- _EXERCISE PROMPT_
Return, unaltered, every line from the beginning of the material below up to and including the one with "Hvitserkur Sea Stack Iceland".
+ + + + + + +
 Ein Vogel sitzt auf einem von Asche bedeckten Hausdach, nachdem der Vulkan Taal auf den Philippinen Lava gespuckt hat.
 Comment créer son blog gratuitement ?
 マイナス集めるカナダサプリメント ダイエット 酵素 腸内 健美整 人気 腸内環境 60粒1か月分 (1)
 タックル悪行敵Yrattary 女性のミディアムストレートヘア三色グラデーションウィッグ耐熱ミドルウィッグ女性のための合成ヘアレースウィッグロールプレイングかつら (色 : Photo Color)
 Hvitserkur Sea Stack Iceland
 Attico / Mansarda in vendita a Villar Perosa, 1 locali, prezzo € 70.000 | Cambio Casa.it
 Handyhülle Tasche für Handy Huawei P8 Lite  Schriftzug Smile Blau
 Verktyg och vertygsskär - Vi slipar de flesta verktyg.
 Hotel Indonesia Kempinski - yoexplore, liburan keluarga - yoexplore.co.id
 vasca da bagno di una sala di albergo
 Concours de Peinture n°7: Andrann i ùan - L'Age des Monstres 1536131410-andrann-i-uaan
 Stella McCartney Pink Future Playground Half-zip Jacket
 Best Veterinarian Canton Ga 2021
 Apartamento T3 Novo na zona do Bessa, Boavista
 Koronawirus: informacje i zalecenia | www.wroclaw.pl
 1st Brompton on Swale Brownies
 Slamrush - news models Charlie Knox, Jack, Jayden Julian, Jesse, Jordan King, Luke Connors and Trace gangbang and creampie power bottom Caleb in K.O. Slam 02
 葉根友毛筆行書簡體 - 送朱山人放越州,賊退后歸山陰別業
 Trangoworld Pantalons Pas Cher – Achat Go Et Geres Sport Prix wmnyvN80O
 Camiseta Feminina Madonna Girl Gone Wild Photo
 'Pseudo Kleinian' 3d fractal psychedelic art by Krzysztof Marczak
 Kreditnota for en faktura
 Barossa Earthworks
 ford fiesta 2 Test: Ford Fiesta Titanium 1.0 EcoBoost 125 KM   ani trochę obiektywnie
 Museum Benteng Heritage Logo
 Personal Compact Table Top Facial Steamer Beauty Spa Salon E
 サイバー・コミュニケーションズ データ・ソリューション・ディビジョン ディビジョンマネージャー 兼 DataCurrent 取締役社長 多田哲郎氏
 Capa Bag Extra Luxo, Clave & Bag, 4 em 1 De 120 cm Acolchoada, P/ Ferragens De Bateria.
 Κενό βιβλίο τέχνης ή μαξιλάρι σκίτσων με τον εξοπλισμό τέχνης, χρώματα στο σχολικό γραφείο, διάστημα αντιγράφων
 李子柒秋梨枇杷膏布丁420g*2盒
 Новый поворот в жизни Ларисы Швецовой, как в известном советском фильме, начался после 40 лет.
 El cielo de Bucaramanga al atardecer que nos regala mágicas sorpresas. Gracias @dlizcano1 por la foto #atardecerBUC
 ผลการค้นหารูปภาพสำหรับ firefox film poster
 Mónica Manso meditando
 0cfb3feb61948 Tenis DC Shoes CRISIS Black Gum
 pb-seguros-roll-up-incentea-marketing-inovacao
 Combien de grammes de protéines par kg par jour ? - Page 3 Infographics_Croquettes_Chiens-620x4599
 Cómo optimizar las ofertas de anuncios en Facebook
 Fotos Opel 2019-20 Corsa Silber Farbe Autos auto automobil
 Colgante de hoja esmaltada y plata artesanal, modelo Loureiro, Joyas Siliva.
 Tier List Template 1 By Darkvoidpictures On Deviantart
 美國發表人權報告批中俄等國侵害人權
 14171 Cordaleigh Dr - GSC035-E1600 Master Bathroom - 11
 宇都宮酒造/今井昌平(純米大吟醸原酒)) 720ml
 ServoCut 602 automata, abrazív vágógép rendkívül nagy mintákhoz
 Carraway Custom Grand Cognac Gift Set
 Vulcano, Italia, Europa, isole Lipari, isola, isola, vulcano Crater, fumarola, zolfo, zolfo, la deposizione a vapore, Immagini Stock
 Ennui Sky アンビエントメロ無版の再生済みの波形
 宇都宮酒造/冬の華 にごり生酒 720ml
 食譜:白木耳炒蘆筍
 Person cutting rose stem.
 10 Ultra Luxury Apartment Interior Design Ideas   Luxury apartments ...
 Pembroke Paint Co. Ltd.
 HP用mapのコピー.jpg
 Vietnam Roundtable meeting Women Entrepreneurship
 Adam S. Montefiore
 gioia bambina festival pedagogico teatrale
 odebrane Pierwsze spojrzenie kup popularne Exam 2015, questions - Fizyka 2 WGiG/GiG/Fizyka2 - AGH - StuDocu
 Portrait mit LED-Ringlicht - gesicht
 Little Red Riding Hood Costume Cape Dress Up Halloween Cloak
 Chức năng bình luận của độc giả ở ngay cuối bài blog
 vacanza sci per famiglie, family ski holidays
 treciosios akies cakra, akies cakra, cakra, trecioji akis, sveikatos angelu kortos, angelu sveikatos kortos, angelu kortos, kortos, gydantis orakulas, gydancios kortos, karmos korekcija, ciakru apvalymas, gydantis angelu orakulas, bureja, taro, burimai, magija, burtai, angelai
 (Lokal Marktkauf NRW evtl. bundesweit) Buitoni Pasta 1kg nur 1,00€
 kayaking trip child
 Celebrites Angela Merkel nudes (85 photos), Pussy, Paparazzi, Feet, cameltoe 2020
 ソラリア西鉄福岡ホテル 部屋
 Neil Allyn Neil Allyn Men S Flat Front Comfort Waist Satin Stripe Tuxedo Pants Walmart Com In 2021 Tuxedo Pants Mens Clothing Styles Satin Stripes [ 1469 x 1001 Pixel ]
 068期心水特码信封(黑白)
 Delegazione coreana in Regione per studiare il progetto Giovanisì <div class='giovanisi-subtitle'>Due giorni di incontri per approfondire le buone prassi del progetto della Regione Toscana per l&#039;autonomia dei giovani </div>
+ + + + + + +
- _FINISHED EXERCISE_
 Ein Vogel sitzt auf einem von Asche bedeckten Hausdach, nachdem der Vulkan Taal auf den Philippinen Lava gespuckt hat.
 Comment créer son blog gratuitement ?
 マイナス集めるカナダサプリメント ダイエット 酵素 腸内 健美整 人気 腸内環境 60粒1か月分 (1)
 タックル悪行敵Yrattary 女性のミディアムストレートヘア三色グラデーションウィッグ耐熱ミドルウィッグ女性のための合成ヘアレースウィッグロールプレイングかつら (色 : Photo Color)
 Hvitserkur Sea Stack Iceland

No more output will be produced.